Collect seed pods for those plants that you’re planning to re-seed, and those that you don’t want to reseed themselves.

Prune back your pleached fruit trees, leaving 3 or 4 leaves on each sideshoot.  If any of your other fruit trees need pruning, do this immediately after you have harvested.

Trim back your lavender once it has finished flowering, to stop it growing leggy.

Although weeds will be growing more slowly than in the spring, it’s an idea to continue to hoe the soil to keep them down. This should be done in warm, dry conditions to ensure any weed seedlings left on the surface dehydrate and die.

If you’re going away ask a neighbour / willing family member to pick your flowers, salad and veg to prevent everything running to seed in your absence.
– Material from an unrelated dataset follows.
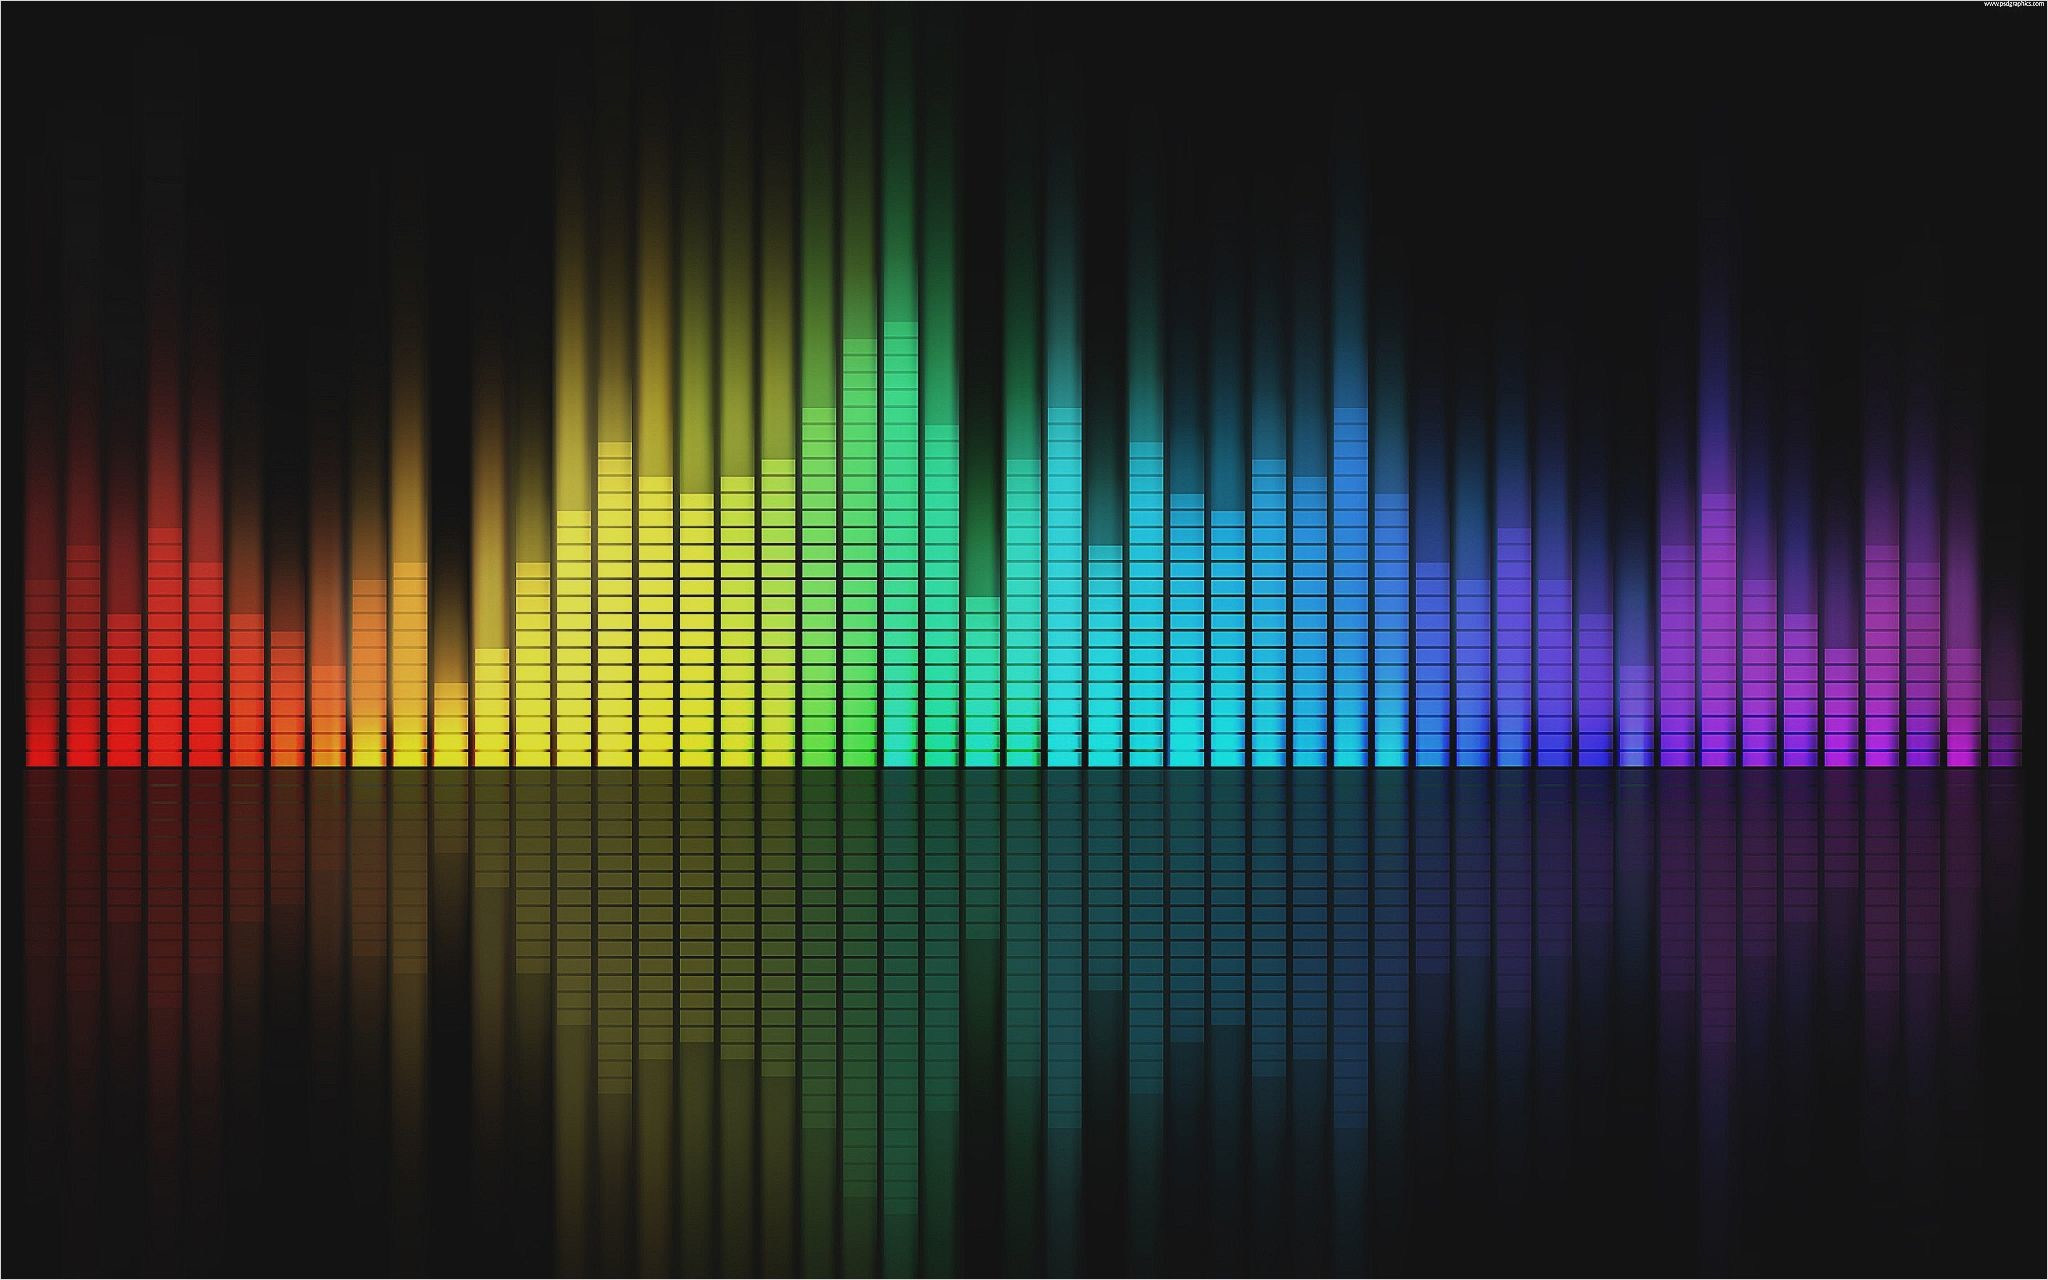 2048x1280, Cool Dj Wallpapers - Music Desktop Background - 2048x1280  Wallpaper - Teahub.io
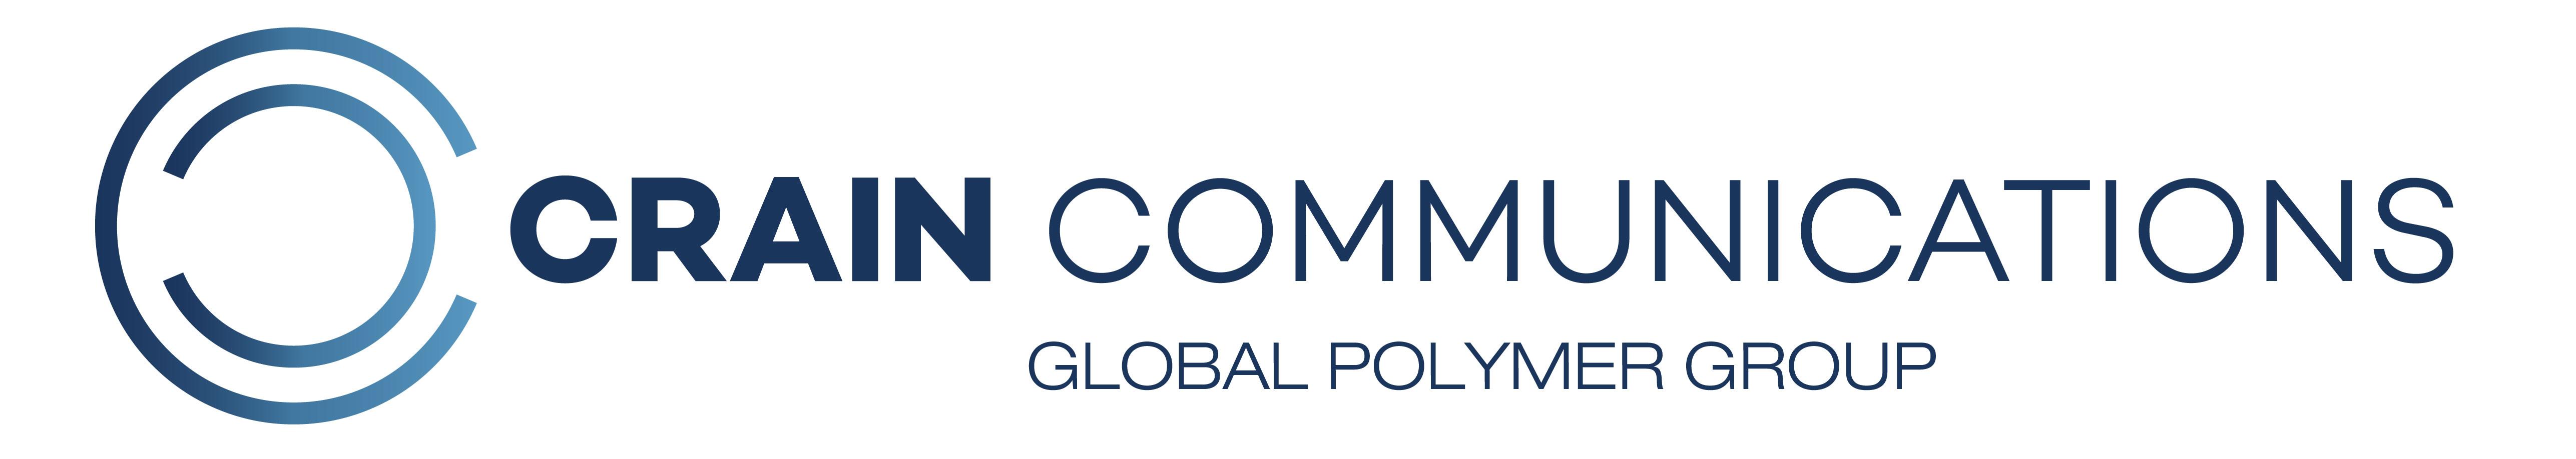 Crain-GlobalPolymerGroup-horiz

Now is the time to look at your borders and note any gaps / congestion that you’ll want to rectify later in the season when everything has gone over, ahead of next year. And start your shopping list for Autumn bulbs.

And of course, at this time of year, watering is key. Keep on top of this daily, making sure you water in the morning or late afternoon-evening to prevent the heat evaporating all the water before it reaches the plant roots.

Grow Your Own

Flowers
Support your dahlias, lilies and gladioli with stakes and flower rings to ensure the weight of their beautiful flower doesn’t cause their stems to break.

Chrysanths will benefit from being pinched or sheared back, encouraging more growth and flowers.

Keep picking your cut flowers to encourage more blooms and a longer flowering season.

Towards the end of August you can start planning next year’s colour by sowing your hardy annuals.

Grow Your Own

Veg and Salad

Plant out your leeks and brassicas if you haven’t already, and you can also squeeze in a final sowing of spinach and chard in the first couple of weeks of August.

Sow salad leaves under cover, or out in the open if in warmer parts of the UK.


Herbs 
Sow Basil,  Marjoram, Borage, Chervil, Chives, Coriander, Dill, Parsley in pots outside, to make moving them indoors as easy as possible in the late autumn

Fruit
Transplant strawberry runners to a new position.

Ensure that your fruit crops aren’t pinched by the birds by covering with netting, ensuring the netting stands well clear of the fruit.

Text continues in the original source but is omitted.